О нет, ни в коей мере не разделял он предрассудков, которые порождает долгая полоса культурного угнетения.
У прекрасного чешского романиста Милана Кундеры, вынужденного оставить Прагу после мрачных событий 1968 года, есть эссе «Нелюбимый ребенок в семье», а в нем такое рассуждение:
«Малые нации. Это понятие не количественное: оно обозначает положение, судьбу: малым нациям неведомо счастливое ощущение того, что они находятся здесь извечно и навсегда; все они в тот или иной момент истории прошли через приемную смерти; большие нации надменно их не замечают, они осознают, что что-то постоянно угрожает их существованию или что оно ставится под сомнение; ибо их существование
Мухтар Ауэзов, человек малой нации, в полной мере воспользовался этим преимуществом; при этом ему удалось избежать соблазнов агрессивного провинциализма, которые порождает это же положение. Он рано почувствовал себя не только казахом, но и русским и европейцем, в его доме было много окон.
Алаш-Орда начертала на своих знаменах лозунги национального возрождения, и они были близки Ауэзову, совершенно независимо от форм участия или неучастия в тех или иных органах движения. Партийная программа, скорее всего, оставляла его равнодушным. Формы правления, устройство суда, муфтият, налоги, распределение земли — в этих предметах Ауэзов не разбирался, да и овладевать ими особенно не желал. Но благородный порыв к независимости, к свободе национального творчества жизни, который лежит в основе всех этих конкретных предложений, он, несомненно, разделял.

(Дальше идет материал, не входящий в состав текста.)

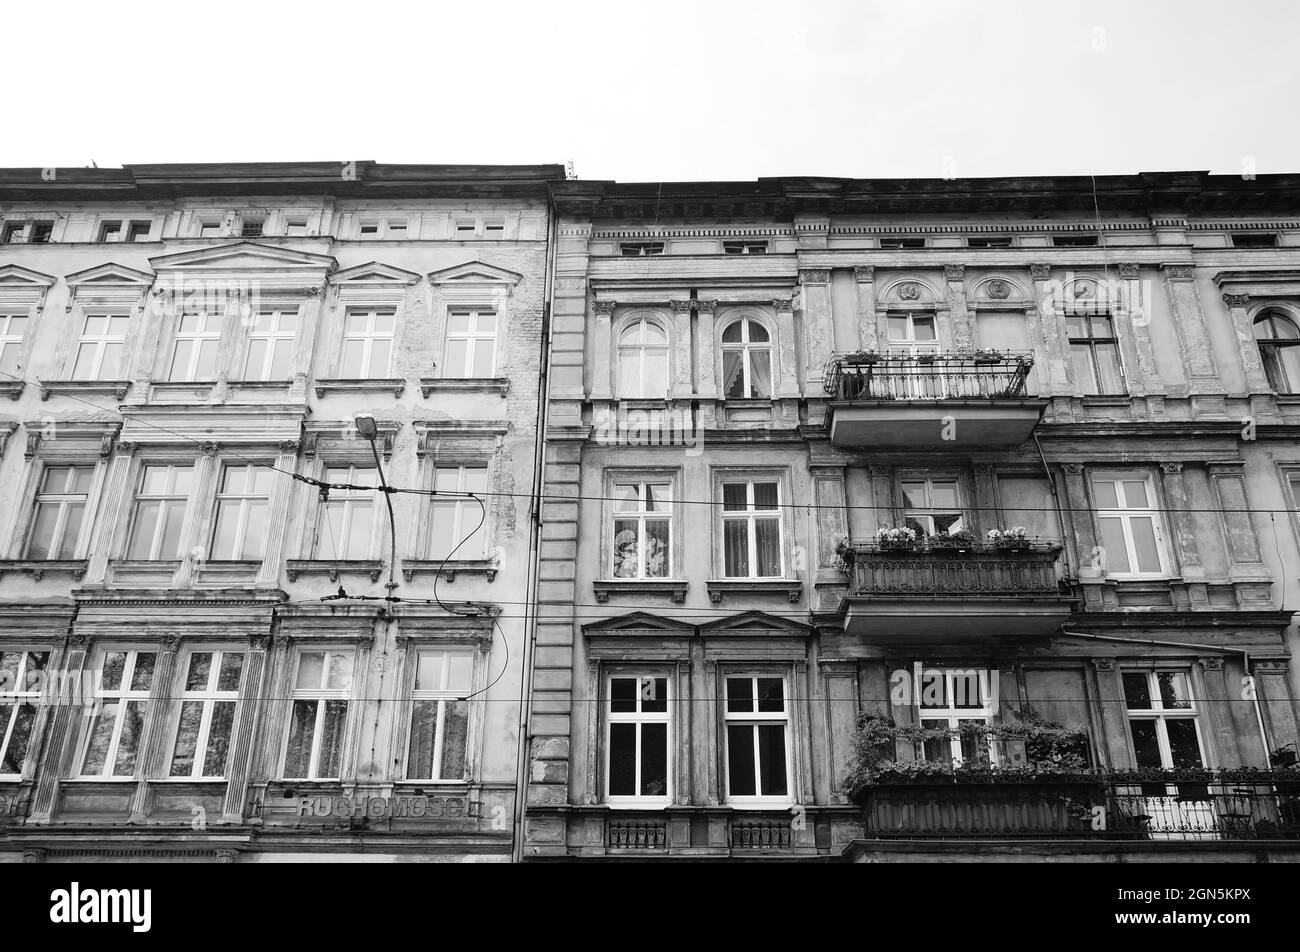 POZNAN, POLAND - May 22, 2017: A grayscale shot of a high apartment building in Poznan, Poland Stock Photo

Ему сделались близки вожаки Алаша. Все они были много старше его, и прислушиваться заставляла уже сама по себе разница в возрасте. Восток есть Восток. Молодого человека наверняка привлекала та беззаветность, то полное отсутствие корысти и расчета, с каким действовали во благо казахов, так, как они его понимали, эти люди. А уж Али-хан-то Букейханов, с его «западничеством», с его настойчивыми попытками примирить светское знание и веру, с его всегдашней готовностью выслушать другого, сплеча не рубить, — Алихан был ему особенно близок. Стремление же отгородиться, взять культурный реванш за столетия вынужденной безгласности, это стремление, сколь бы ни было оправдано оно психологически, его смущало. Мухтар Ауэзов высоко ставил поэтический дар Магжана Джумабаева, прекрасного поэта и к тому же соратника в борьбе за культурную самобытность. Но строки из поэмы «Урал», написанной, как вспоминает Заки Валиди, в самый разгар боев с красными и им сочувственно приводимые, Ауэзову совсем не близки: «Длинная уральская гора, ты разделяешь запад и восток, образуя границу между сыновьями света (тюрками) и сыновьями тьмы (русскими)… Дорогие могилы наших предков захватили чужаки с набитыми волосами ртами. Надо быть с ними жестокими» (подстрочный перевод, как и примечания в скобках, принадлежит мемуаристу).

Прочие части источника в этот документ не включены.